I have on occasions up to 5 SER instances and 3 Platform Identifier instances running on multiple servers, I use DropBox to sync my files from server to server as they are processed. I know I am one of many that use this basic but highly effective set-up.
No matter how fast your servers, due to the latency of DropBox "Conflicted copies" are created at scale on files larger than 1mb (I guess dependant to your setup) and this can end up making a huge mess, as example, my identified folder has almost 6000 files due to this.
Request:
Platform Identifier Feature
Automated "hands-free" Dedupe and merge of conflicted files so:
on noticing conflicted files:
Example------------------------------------------------
sitelist_Article-AltoCMS-LiveStreet (swedishpowerhouse's conflicted copy 2018-06-04 (1)).txt
sitelist_Article-AltoCMS-LiveStreet (swedishpowerhouse's conflicted copy 2018-06-04 (2)).txt
sitelist_Article-AltoCMS-LiveStreet (swedishpowerhouse's conflicted copy 2018-06-04 (3)).txt
sitelist_Article-AltoCMS-LiveStreet (swedishpowerhouse's conflicted copy 2018-06-04 (4)).txt
sitelist_Article-AltoCMS-LiveStreet (swedishpowerhouse's conflicted copy 2018-06-04).txt
sitelist_Article-AltoCMS-LiveStreet (swedishpowerhouse's conflicted copy 2018-06-08 (1)).txt
sitelist_Article-AltoCMS-LiveStreet (swedishpowerhouse's conflicted copy 2018-06-08 (2)).txt
sitelist_Article-AltoCMS-LiveStreet (swedishpowerhouse's conflicted copy 2018-06-08 (3)).txt
sitelist_Article-AltoCMS-LiveStreet (swedishpowerhouse's conflicted copy 2018-06-08 (5)).txt
sitelist_Article-AltoCMS-LiveStreet (swedishpowerhouse's conflicted copy 2018-06-08).txt
sitelist_Article-AltoCMS-LiveStreet.txt
/Example-----------------------------------------------
All documents are automatically deduped, merged to original file:
sitelist_Article-AltoCMS-LiveStreet.txt
and then finally the now null conflicted copies deleted.
Request:
SER Feature
It makes no difference to me which program handles this process but I wanted to point out how botmasters HREFER handles dedupe. In HREFER you have the option to deduped the parsed files on launch.
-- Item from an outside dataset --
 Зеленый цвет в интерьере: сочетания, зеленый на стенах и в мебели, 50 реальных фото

Perhaps if SER did the simple dedupe/merge/delete as described in the platform identifier request on boot, this would sort the issue and help keep everyone's GSA directories streamlined.
Right now I have quick and dirty solutions via PI, but I still have to pause all my servers once a week to sort this else it kills dropbox.
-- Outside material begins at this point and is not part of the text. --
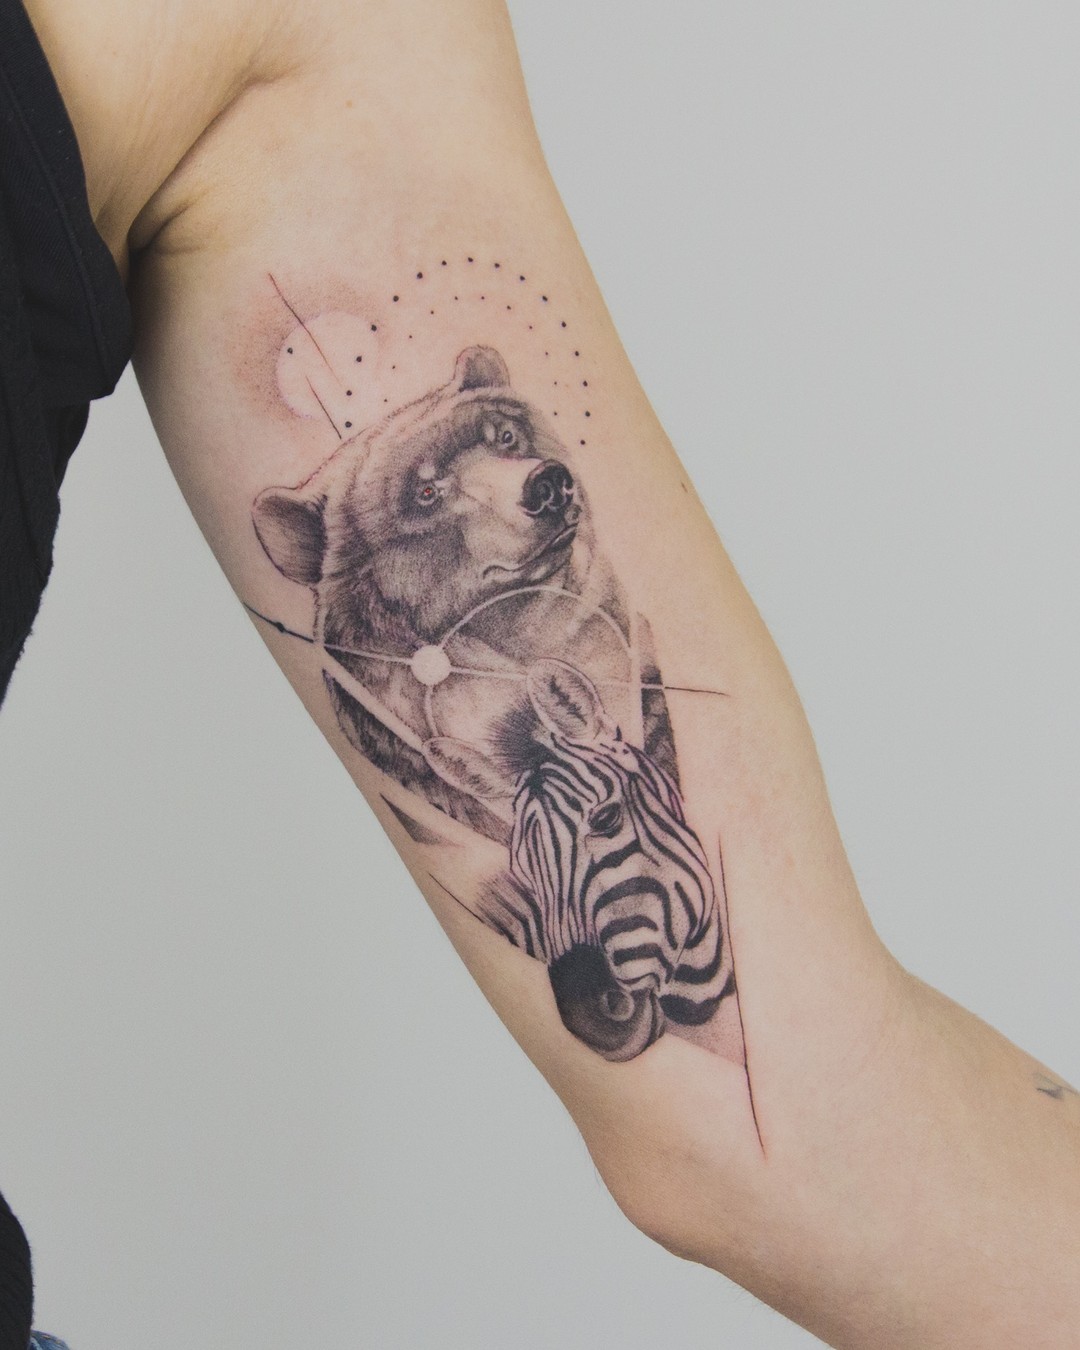 Zebra tattoo design by kalawa.tattooer

Keep up the great work, would be great if you can implement the above but in no way a deal breaker
I have on occasions up to 5 SER instances and 3 Platform Identifier instances running on multiple servers, I use DropBox to sync my files from server to server as they are processed. I know I am one of many that use this basic but highly effective set-up.
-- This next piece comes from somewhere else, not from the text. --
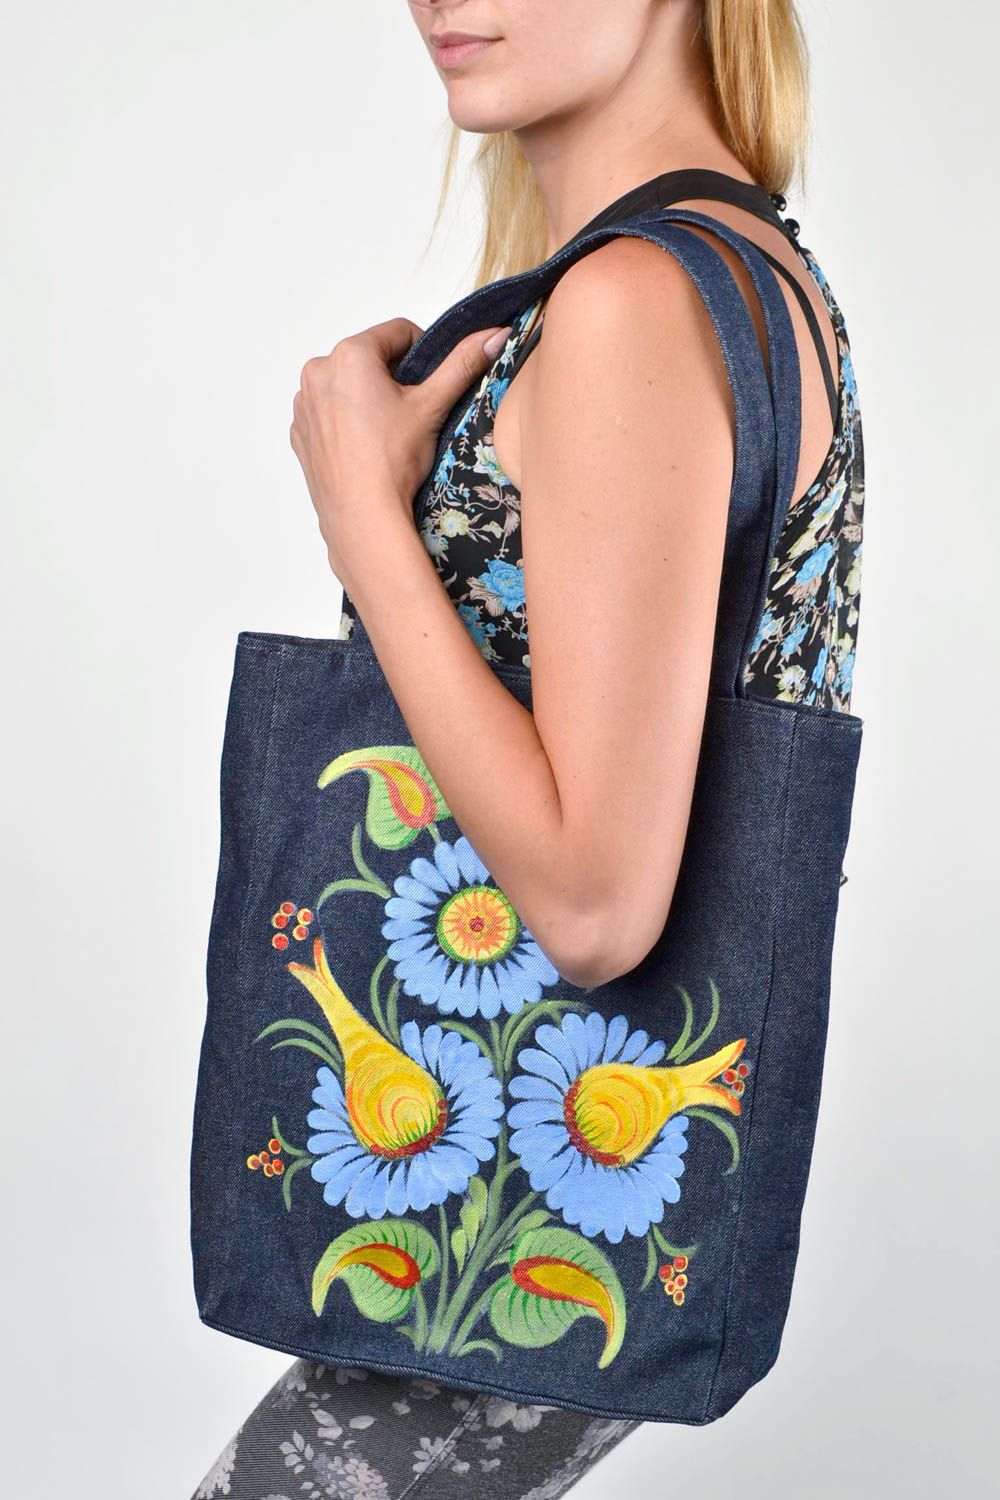 Сумка ручной работы женская сумка хлопковая сумка с росписью красивая большая фото 1

No matter how fast your servers, due to the latency of DropBox "Conflicted copies" are created at scale on files larger than 1mb (I guess dependant to your setup) and this can end up making a huge mess, as example, my identified folder has almost 6000 files due to this.
Request:
Platform Identifier Feature
Automated "hands-free" Dedupe and merge of conflicted files so:
on noticing conflicted files:
Example------------------------------------------------
sitelist_Article-AltoCMS-LiveStreet (swedishpowerhouse's conflicted copy 2018-06-04 (1)).txt
sitelist_Article-AltoCMS-LiveStreet (swedishpowerhouse's conflicted copy 2018-06-04 (2)).txt
sitelist_Article-AltoCMS-LiveStreet (swedishpowerhouse's conflicted copy 2018-06-04 (3)).txt
sitelist_Article-AltoCMS-LiveStreet (swedishpowerhouse's conflicted copy 2018-06-04 (4)).txt
sitelist_Article-AltoCMS-LiveStreet (swedishpowerhouse's conflicted copy 2018-06-04).txt
sitelist_Article-AltoCMS-LiveStreet (swedishpowerhouse's conflicted copy 2018-06-08 (1)).txt
sitelist_Article-AltoCMS-LiveStreet (swedishpowerhouse's conflicted copy 2018-06-08 (2)).txt
sitelist_Article-AltoCMS-LiveStreet (swedishpowerhouse's conflicted copy 2018-06-08 (3)).txt
sitelist_Article-AltoCMS-LiveStreet (swedishpowerhouse's conflicted copy 2018-06-08 (5)).txt
sitelist_Article-AltoCMS-LiveStreet (swedishpowerhouse's conflicted copy 2018-06-08).txt
sitelist_Article-AltoCMS-LiveStreet.txt
/Example-----------------------------------------------
All documents are automatically deduped, merged to original file:
sitelist_Article-AltoCMS-LiveStreet.txt
and then finally the now null conflicted copies deleted.
Request:
SER Feature
It makes no difference to me which program handles this process but I wanted to point out how botmasters HREFER handles dedupe. In HREFER you have the option to deduped the parsed files on launch.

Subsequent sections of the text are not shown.